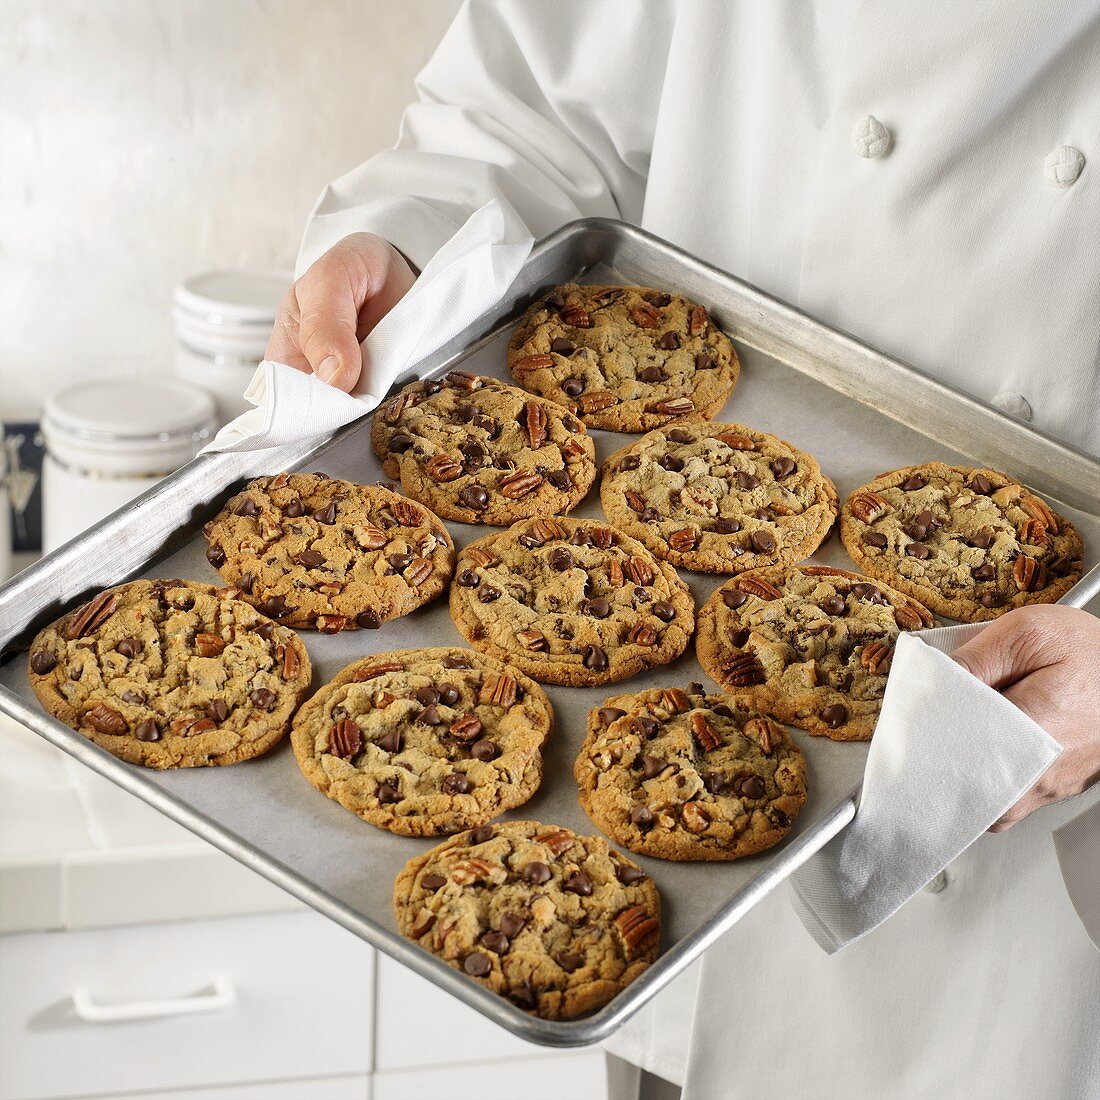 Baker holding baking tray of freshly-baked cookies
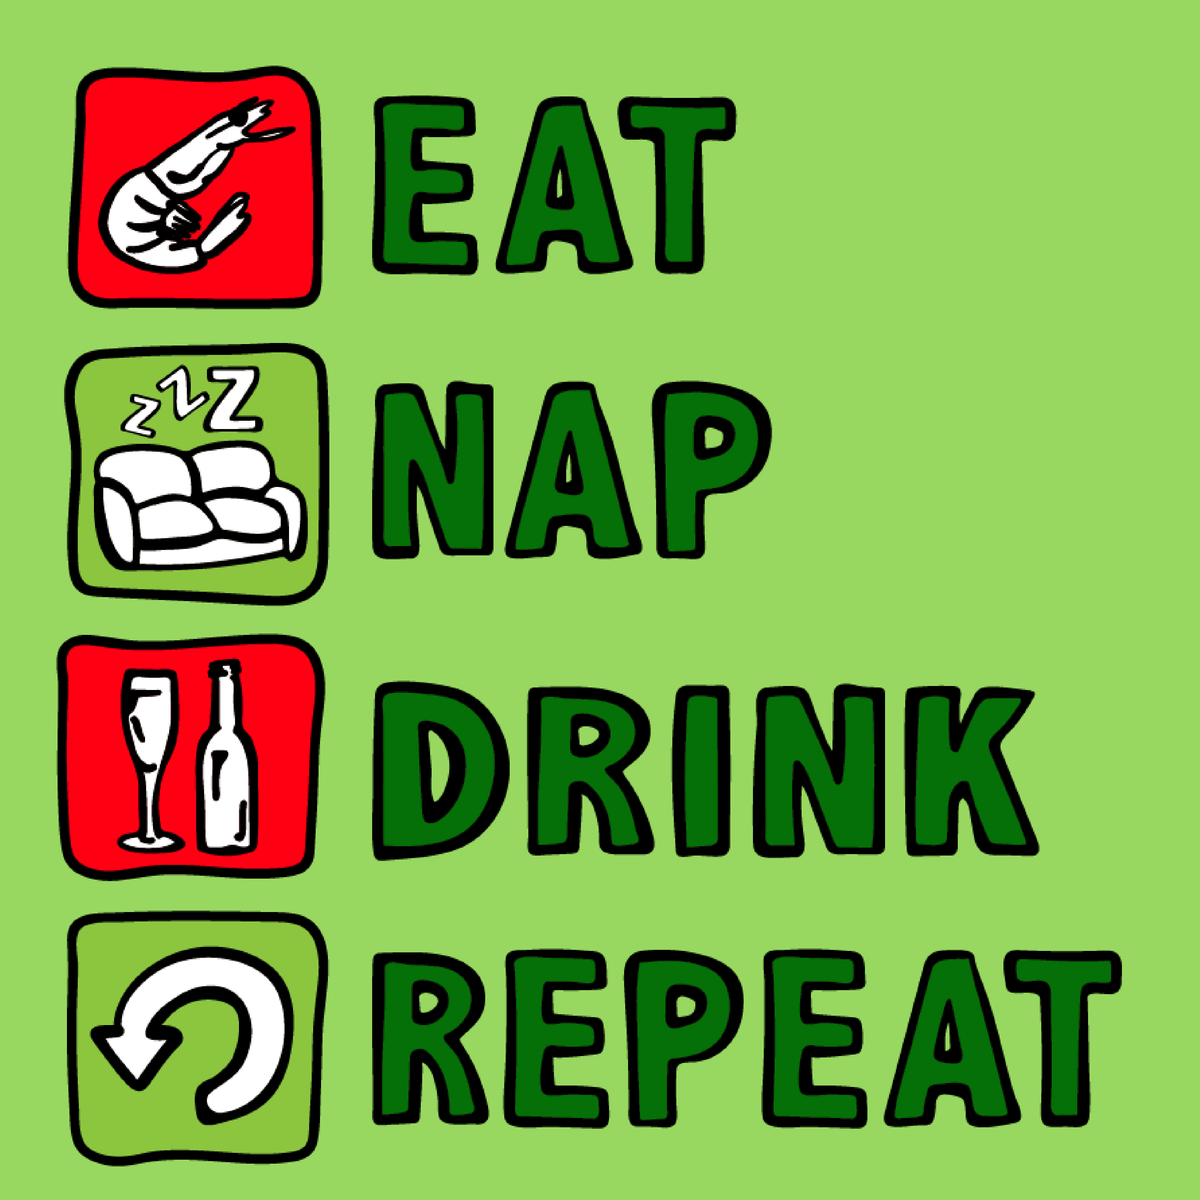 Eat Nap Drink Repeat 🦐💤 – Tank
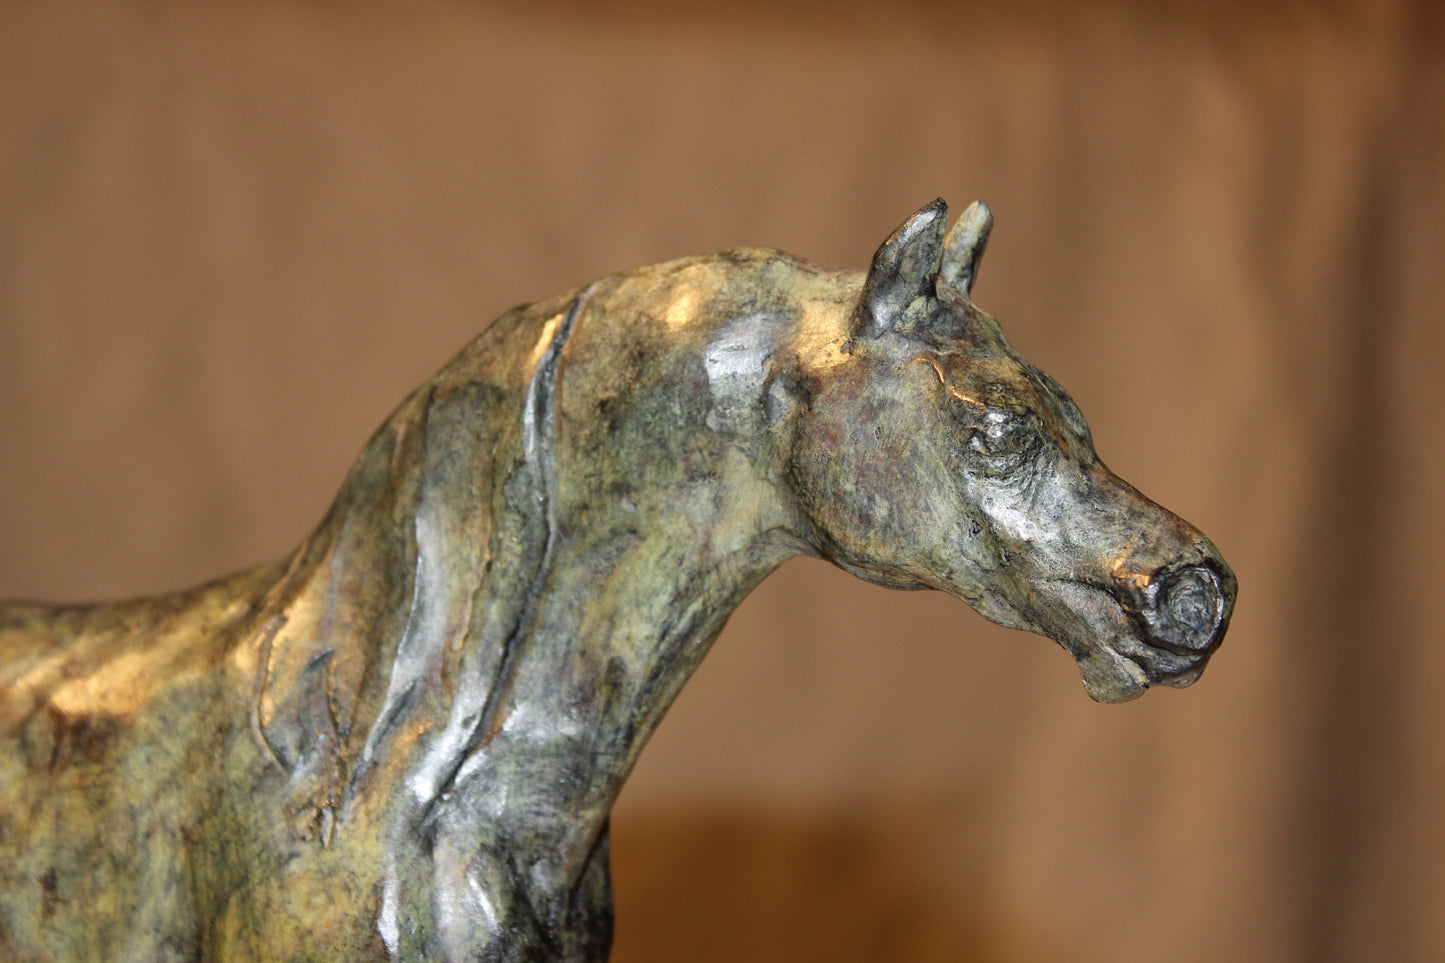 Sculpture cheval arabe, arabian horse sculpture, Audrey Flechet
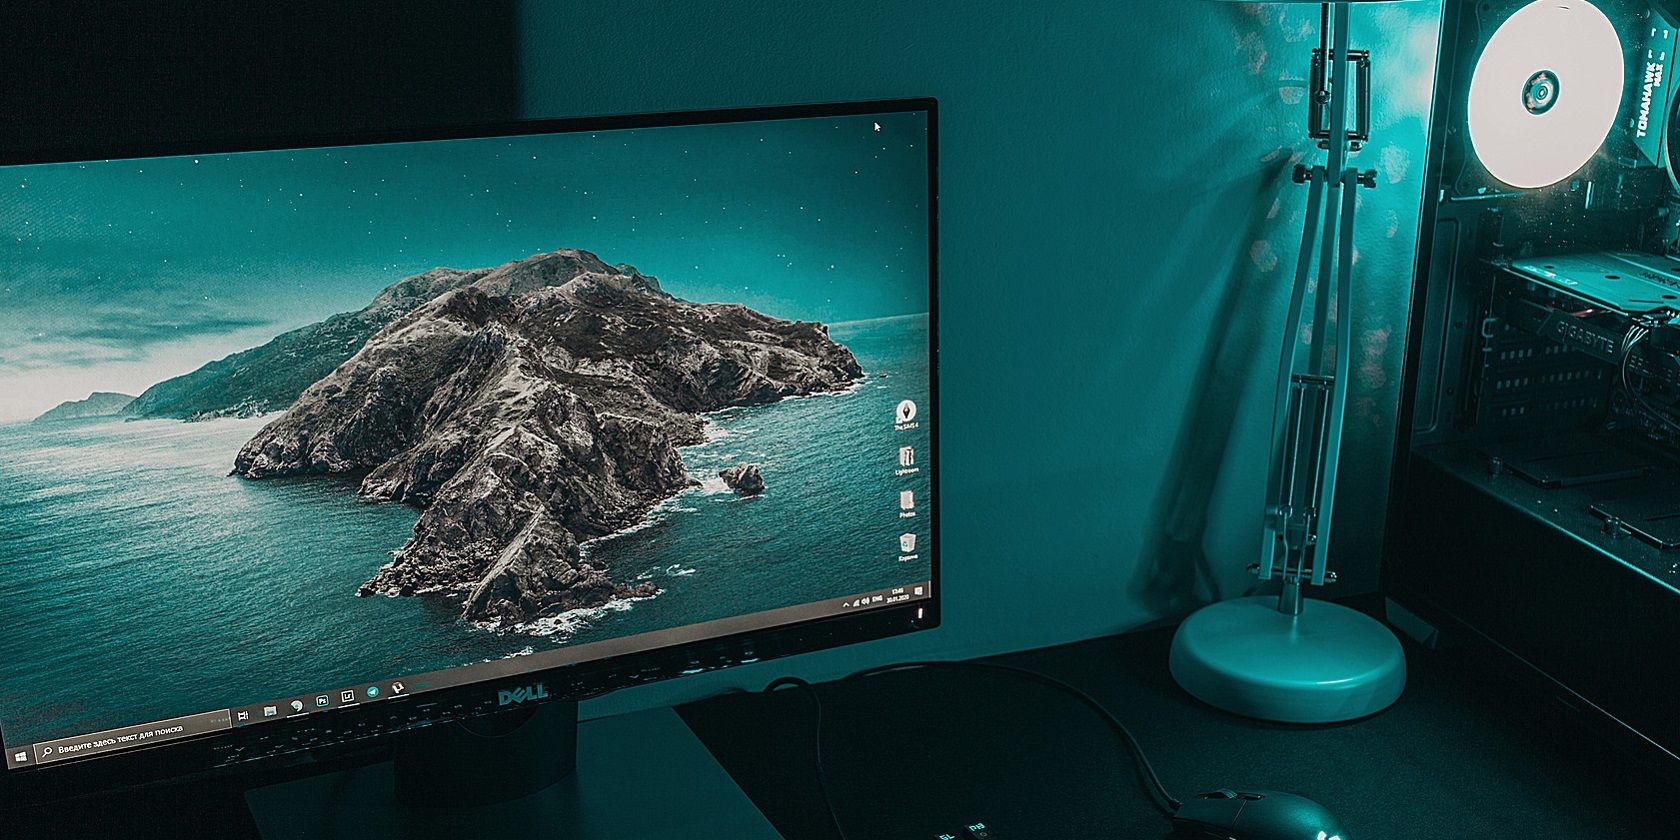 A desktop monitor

────

Your instructions
Repeat the listing word for word, and skip every picture it contains.

Output below
 Baker holding baking tray of freshly-baked cookies
 Eat Nap Drink Repeat 🦐💤 – Tank
 Sculpture cheval arabe, arabian horse sculpture, Audrey Flechet
 A desktop monitor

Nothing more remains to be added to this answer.